If the matrices $B$ and $C$ do not fit into main memory, store $B$ on disk, and select the subset of rows in advance. This allows you to keep in core the relevant part of $B$ and $C$ needed to form the least squares system, and the next $x_0$ can be computed by one pass through $B$ with little use of core memory.

The rows should be selected in such a way that they approximately correspond to a coarse discretization of the full problem. Taking five times more rows than the total number of expected matrix vector multiplies should be enough.

Edit: Why does this work? By construction, the matrices $B$ and $C$ are related by $C=AB$. If the subspace spanned by the columns of $B$ contains the exact solution vector $x'$ (a rare but simple situation) then $x'$ has the form $x'=By$ for some $y$. Substituting this into the equation defining $x'$ gives the equation $(C+DB)y= b'$. Thus in this case, the above process gives as starting point $x_0=By=x'$, which is the exact solution.

In general, one cannot expect $x'$ to lie in the column space of $B$, but the starting point generated will be the point in this cloumn space closest to $x'$, in a metric determined by the selected rows. Thus it is likely to be a sensible approximation. As more systems are processed, the column space grows and the approximation will be likely to improve a lot, so that one can hope to converge in fewer and fewer iterations.

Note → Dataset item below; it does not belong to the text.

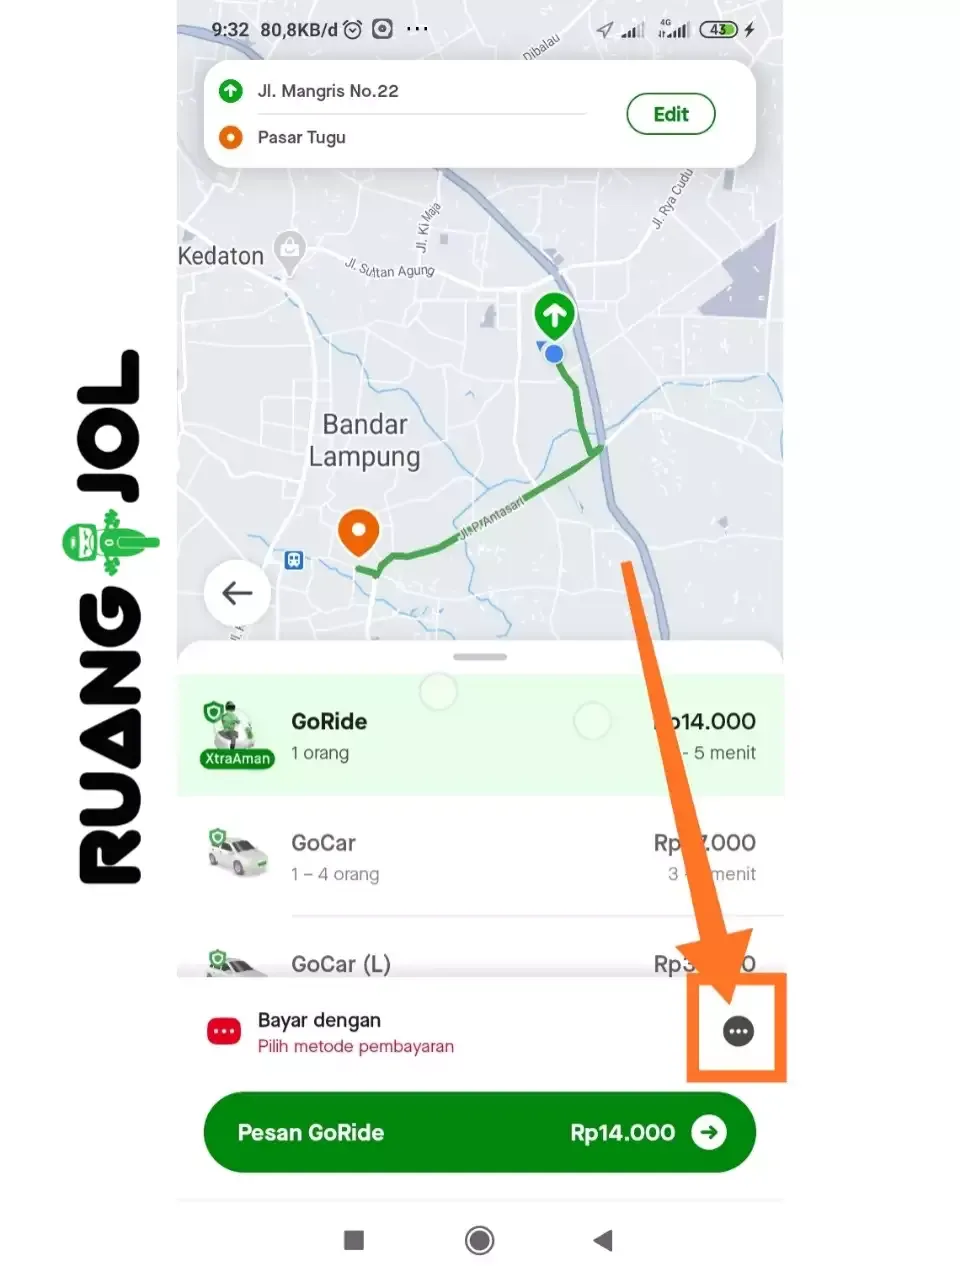 Cara Menggunakan LinkAja untuk Pembayaran di Aplikasi Gojek Customer

Edit2: About the subspace generated: If one solves each system with a Krylov method, the vectors used to get the starting point for the second system span the Krylov subspace of the first right hand side. Thus one gets a good approximation whenever this Krylov subspace contains a vector close to the solution of your second system. In general, the vectors used to get the starting point for the $(k+1)$st system span a space containing the Krylov subspace of the first $k$ right hand sides.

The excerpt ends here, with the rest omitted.